While this likely will go down as a not-so-forgettable season for 24-year-old Pierre-Marc Bouchard, there's still time for the 5-foot-10, 170-pound winger from Sherbrooke, Quebec, to continue to make a difference for the Minnesota Wild.

Since Jan. 1, the diminutive winger with speed and skill has had 16 of his 32 points -- 4 goals and 12 assists in 14 games. Even more impressive, he had points in each of his first four games after the All-Star break, tallying 3 goals and 6 assists.

"All year I have been trying to work hard, trying to skate, try to get some shots on," Bouchard said. "It just seems that lately (the puck) seems to be going in when I am making plays or when I shoot."

Confidence is a wonderful thing.

Wild coach Jacques Lemaire had a long talk with Bouchard just after Christmas, telling the sixth-year player how important it was for him to be chipping in offensively.

"The meeting was helpful," Bouchard said. "It was a good reminder of what was expected of me.

"Now, when I'm on the ice, the confidence is growing.

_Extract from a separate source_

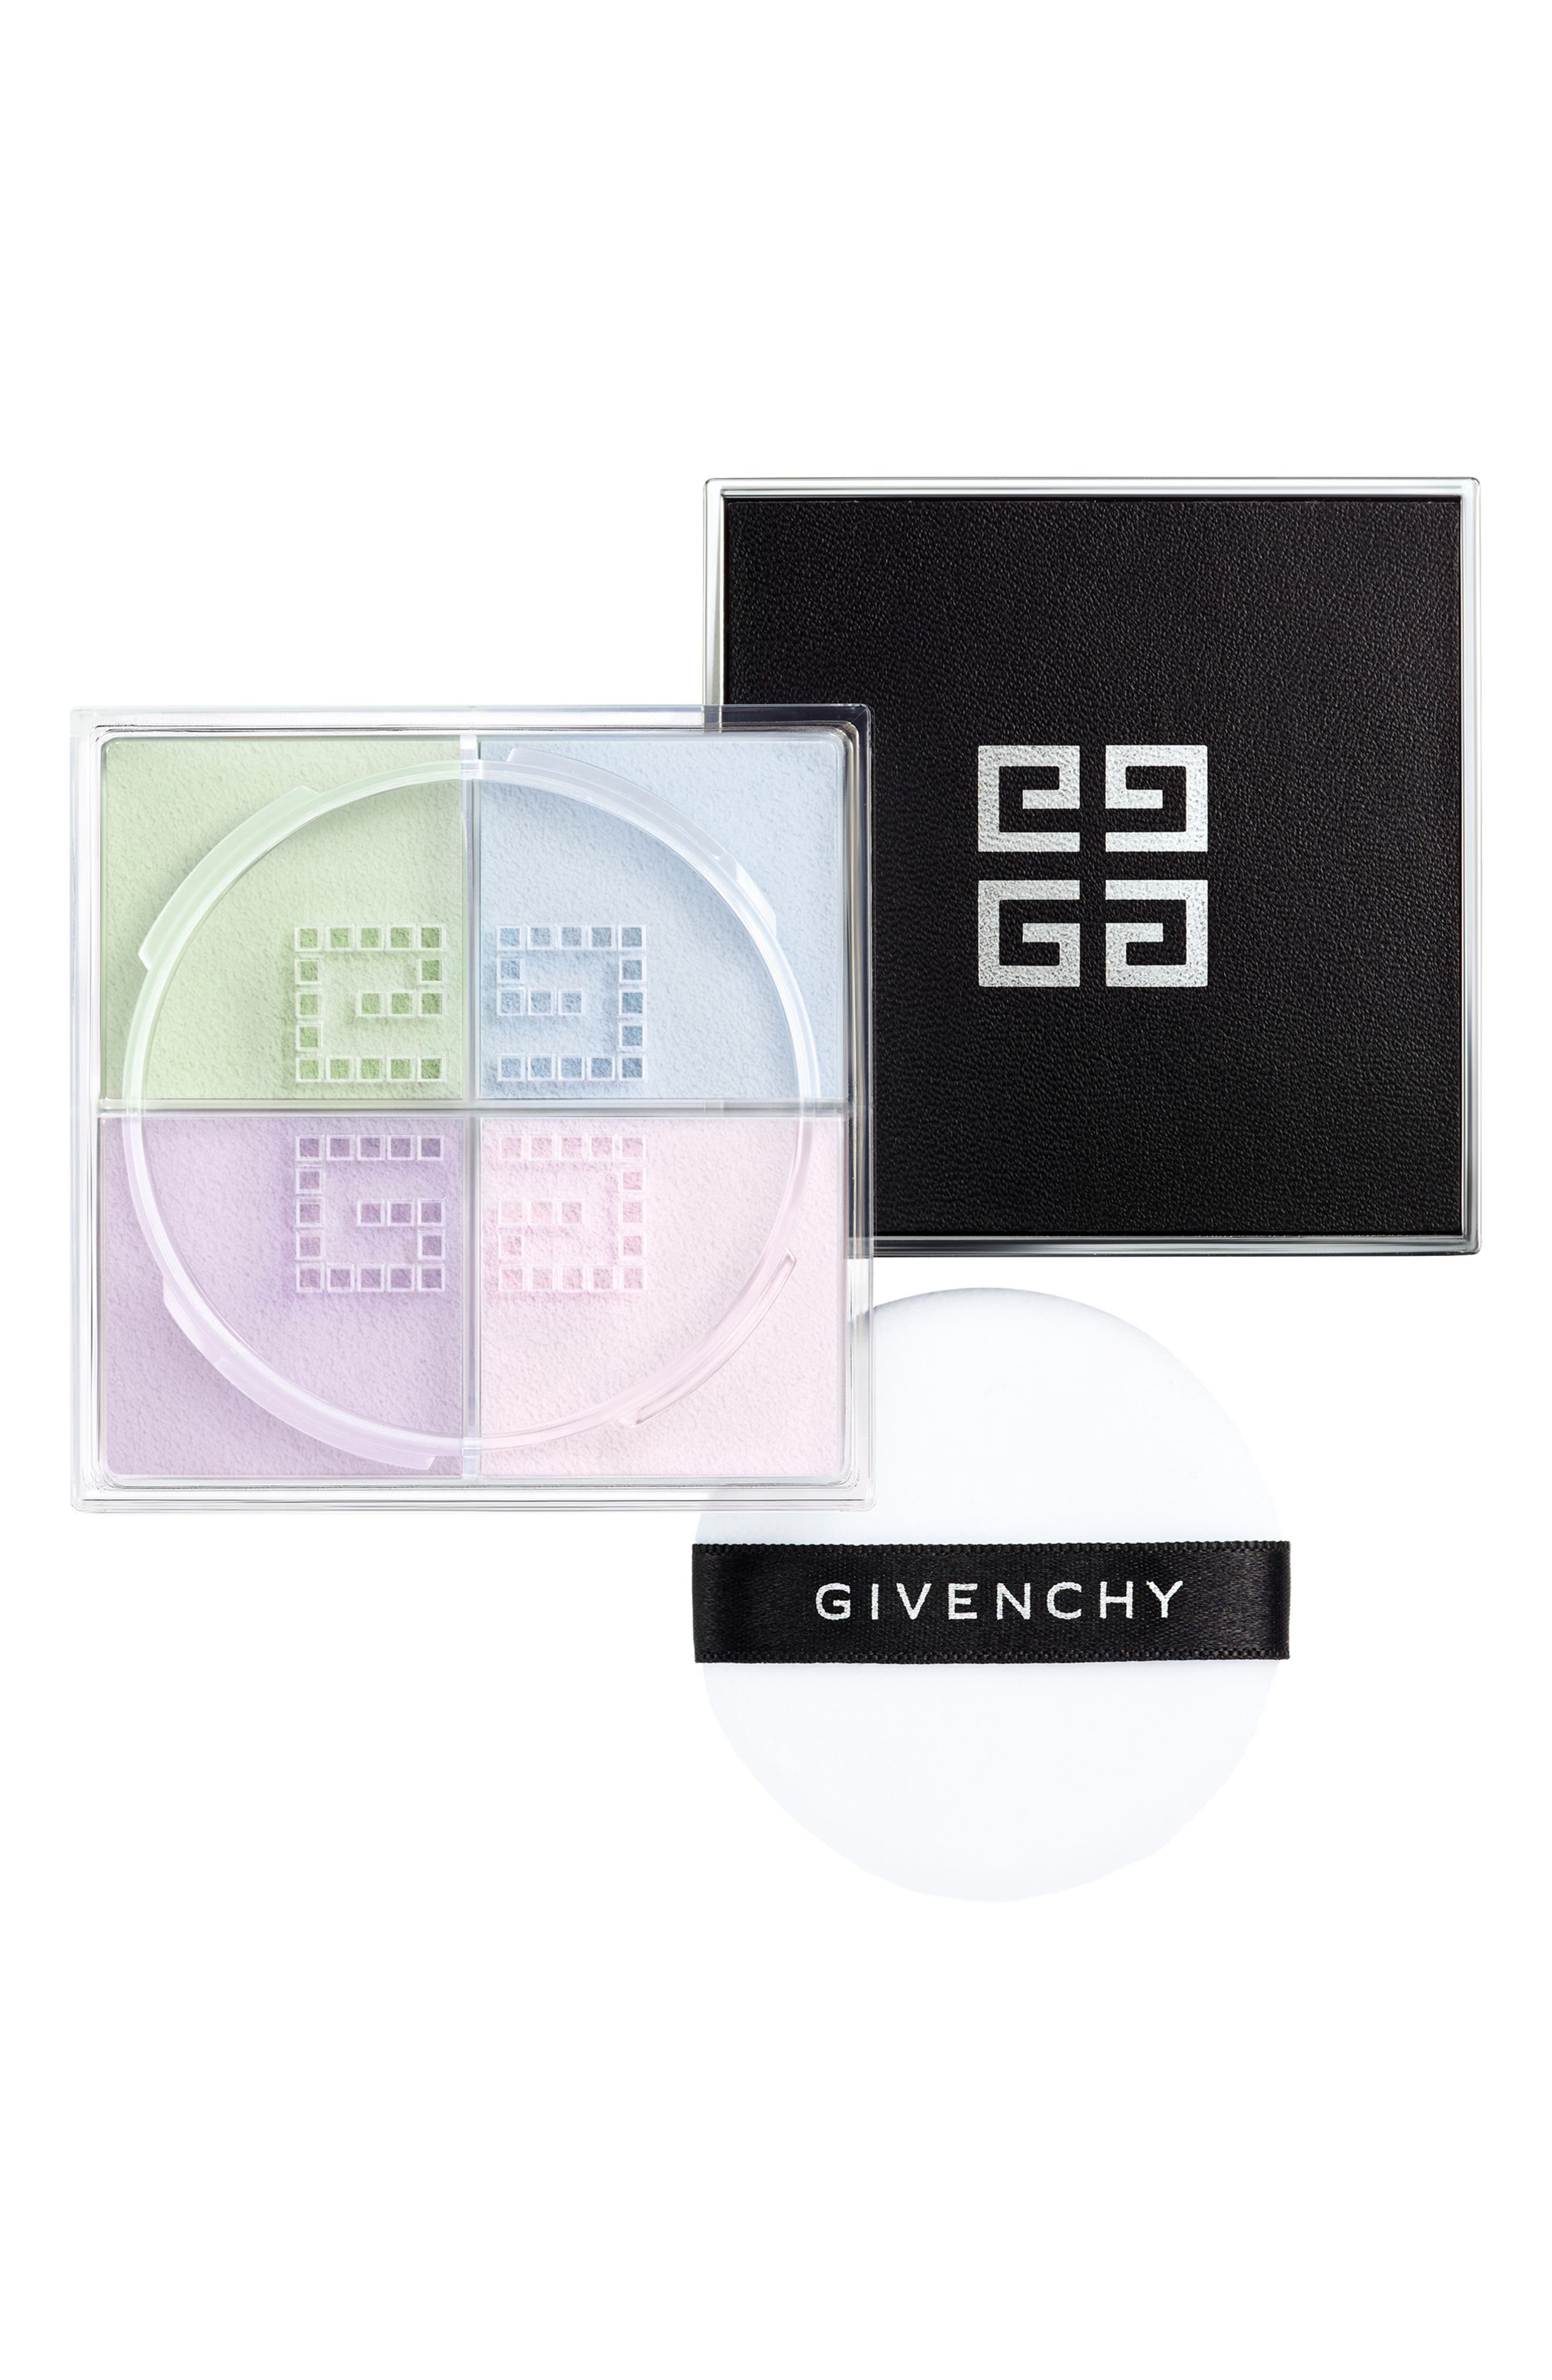 Givenchy All Beauty \u0026 Fragrance | Nordstrom

That's the difference."

There are no small details when Pierre-Marc Bouchard is concerned. No fingers are pointed at him because he always has been short and skinny, and yet has succeeded.

Who's small? Those would be fighting words for Bouchard if, uh, he weren't built like a jockey.

"I've heard people say, 'He's too small. He'll never make it at the next level' ... all my life," Bouchard said just before the start of the 2008-09 season. "I just think those people were being small in their thinking."

All Bouchard ever did was make those parents and kids pay with his performance on the ice.

"I remember hearing it the loudest when I was going from peewee to bantam when I was 14, because that's where hitting starts to come into the game," he said. "After that, it was the same every time I was ready to go to the next level. I just used it as motivation.

"My biggest challenge had been ever since I was young that everybody said that I'm too small to go in to the NHL. I was going to prove them wrong. I did it and I still want to prove that I can do well in the NHL."

Obviously, the Minnesota Wild didn't share the same concerns over Bouchard's size -- or lack thereof.

"I remember going up to Chicoutimi to see him play on the recommendation of our scouting staff," Wild GM Doug Risebrough said. "I didn't notice a size problem. All I noticed was a high-end player with a great skill-set, lots of talent, lots of speed.

"In fact, as the game went on the other team began running him. But that didn't deter him one bit."

Bouchard was 5-9 and 155 pounds when he was picked eighth in the 2002 Entry Draft.

It's only been a few years since that bigger-is-better philosophy permeated the NHL. In fact, former Tampa Bay Lightning GM Jay Feaster once chided his own scouting staff for their reports on Bouchard, saying, "I told them they can't say he's got Gretzky-like qualities and then bottom-line him with a comment like, 'He doesn't meet our team's size and speed criteria.' That's ridiculous."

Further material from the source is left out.